Вилли обернулся, ожидая, что на зов хозяина явится старая служанка, но вместо нее на пороге комнаты появилась та хорошенькая брюнетка, которая нашла его в кабачке «У моста».
Вилли не смог скрыть свое удивление.
Алхимик же что-то вполголоса приказал девушке, та почтительно поклонилась и ушла.
Не прошло и часа, как Катрина вернулась.
Но вернулась она не одна, она привела подвыпившего парня, по виду и выговору – студента из Нижних Земель.
Вилли хотел предупредить этого студента о коварных замыслах хитрого алхимика, но, когда он попытался заговорить, не смог произнести ни слова, из его уст вырывалось лишь бессвязное мычание, как будто его рот был зашит портновской иглой.
Алхимик насмешливо взглянул на него и сказал новому ученику, что Вилли – его слуга, немой от рождения. Затем, ничуть не смущаясь присутствием Вилли, он спросил гостя, хочет ли тот пойти к нему в обучение, чтобы узнать все тайны алхимии.
На это парень ответил, что более всего желает узнать, как делать золото, и за эту тайну готов отдать все, что угодно, хоть свою правую руку.
– А готов ли ты отдать за нее свою молодость? – спросил коварный старик.
– Не задумываясь! – воскликнул студент. – Что такое молодость? Она пролетит, как дуновение ветра, ее и не заметишь! А тайна изготовления золота откроет для меня все двери, сделает доступными все радости жизни!
Вилли видел, что молодой человек пьян, только потому он так легкомысленно поддается на уговоры старого алхимика. Он хотел отговорить его – но не мог, лишь бессвязно мычал.
Алхимик снова насмешливо покосился на своего непослушного ученика и проговорил, потирая руки:
– Ну что ж, мой юный друг, железо следует ковать, пока оно не остыло. Для всего есть свое время – время собирать камни и время разбрасывать их, время спать и время бодрствовать, время накапливать знания и время забывать их… Давай же скорее подпишем договор и приступим к самой процедуре! Мне не терпится избавиться от своей старой оболочки…
Они и правда подписали длинный договор, полный каких-то юридических хитростей и уловок.

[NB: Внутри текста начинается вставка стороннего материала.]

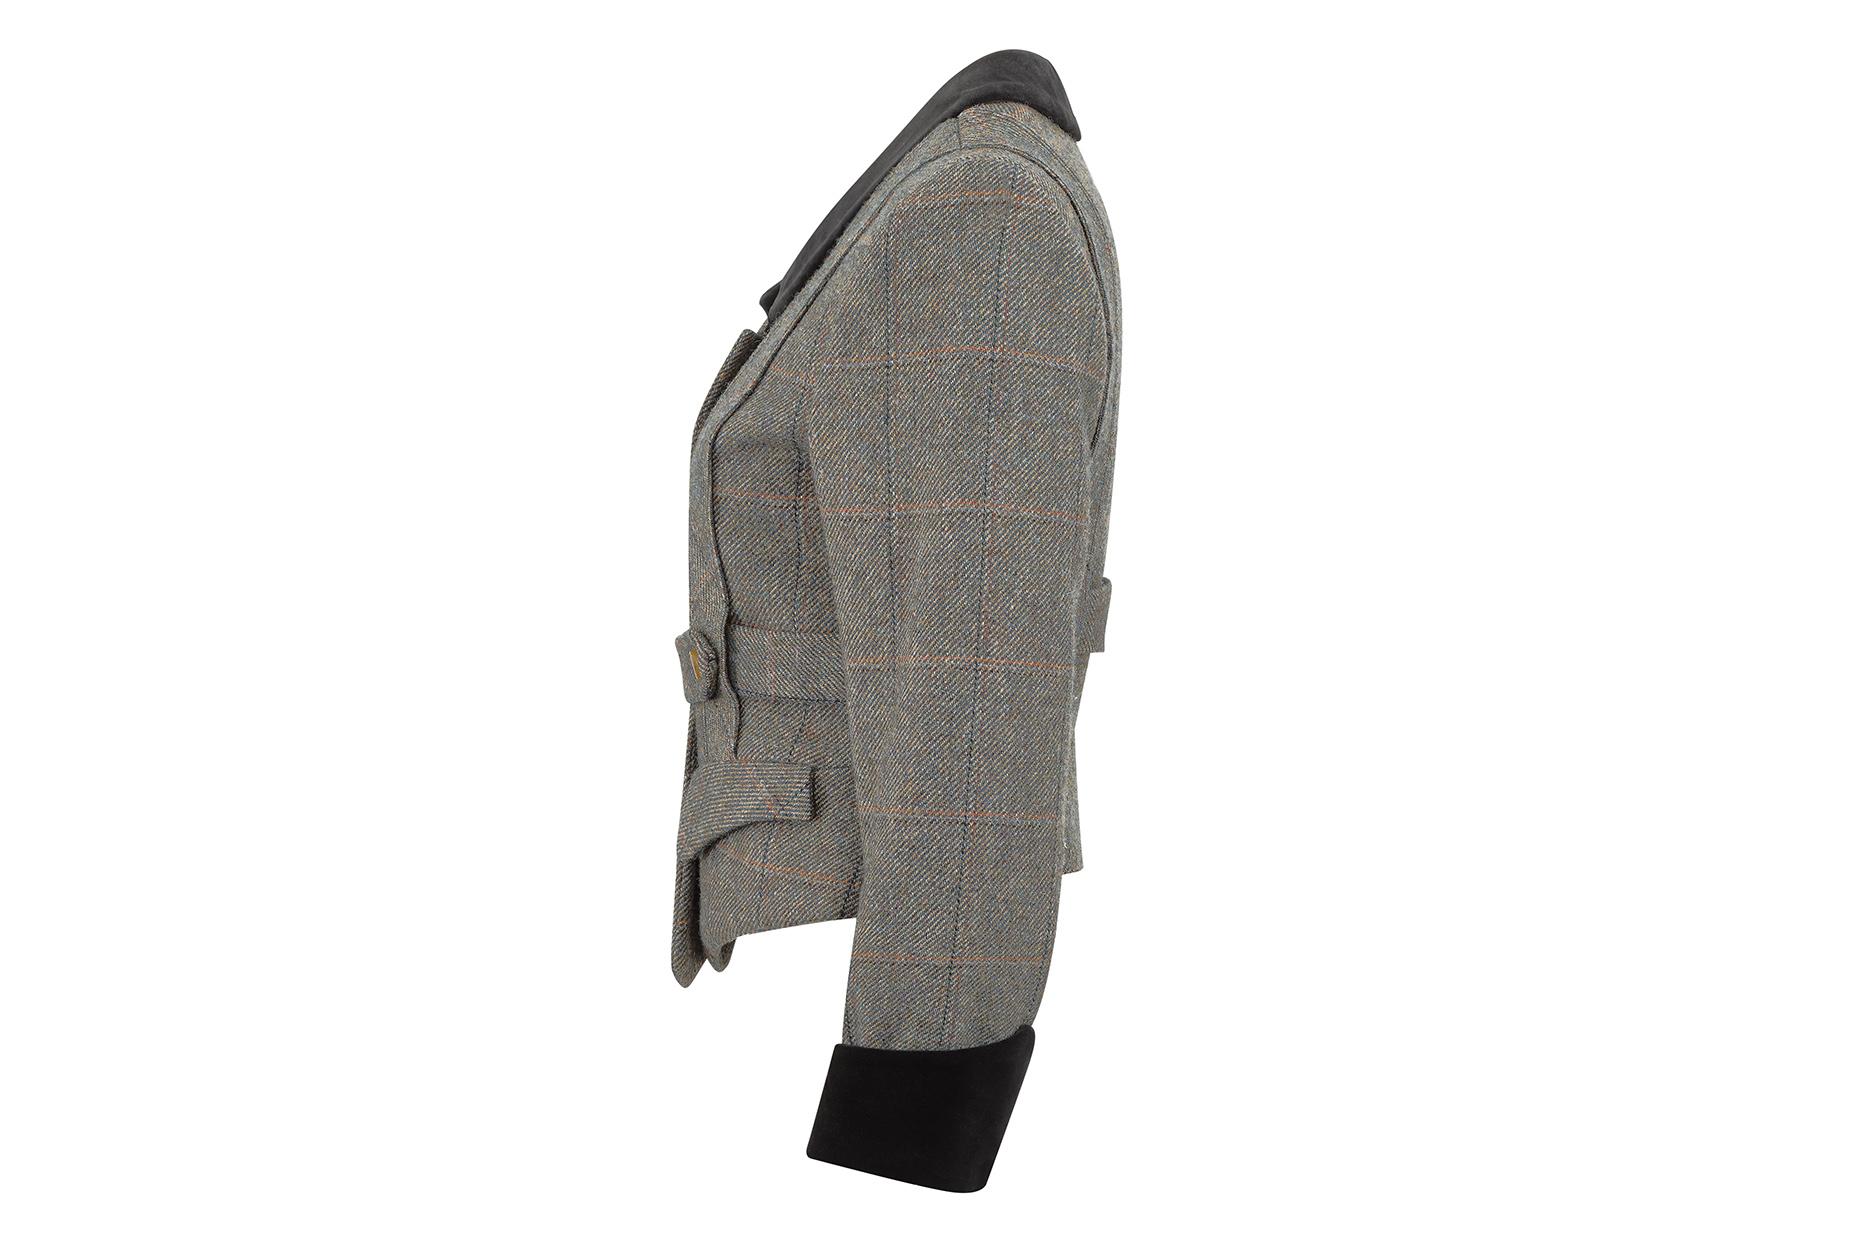 This desirable 1980s Harris tweed jacket with velvet trim is unmistakably Vivienne Westwood, often extolled as the doyenne of British fashion for her controversial, eccentric, punk-inspired designs. The jacket is part of a skirt and hat ensemble

Вилли не удивился бы, если бы подписи на этом договоре поставили кровью, но нет, алхимик достал для этой цели скляночку каких-то особых темно-красных чернил. Покончив с договором, оба удалились в лабораторию алхимика.
Вилли хотел последовать за ними, чтобы удержать студента от необдуманного шага, но алхимик с неожиданной силой оттолкнул его и запер дверь перед самым его носом.
Более часа из лаборатории доносились странные и пугающие звуки, крики и полные муки стенания, как будто там кого-то пытали демоны ада, затем двери открылись, и вышли те же двое – дряхлый алхимик и молодой студент.
Вилли вздохнул с облегчением: видимо, из таинственного опыта ничего не вышло и каждый остался при своем: студент сохранил свою молодость, а алхимик – морщины и сгорбленную спину. Кроме того, старик выглядел удивленным и растерянным – должно быть, сокрушался о неудаче эксперимента.
Однако молодой студент подошел к Вилли, лучезарно улыбаясь. Вилли посмотрел ему в глаза – и невольно отпрянул: один глаз юноши был темно-зеленым, как бутылочное стекло, другой – блекло-голубым, как северное небо.
Студент похлопал Вилли по плечу и проговорил:
– Вот и все, мой юный друг! Для всякого дела есть свое время – время жить и время умирать, время собирать камни и время разбрасывать их, время накапливать знания и время расточать их… для тебя, мой юный друг, настало время вернуться к прежней жизни, но когда-нибудь, много лет спустя, придет время вспомнить нашу встречу, время вспомнить эти дни в Гейдельберге…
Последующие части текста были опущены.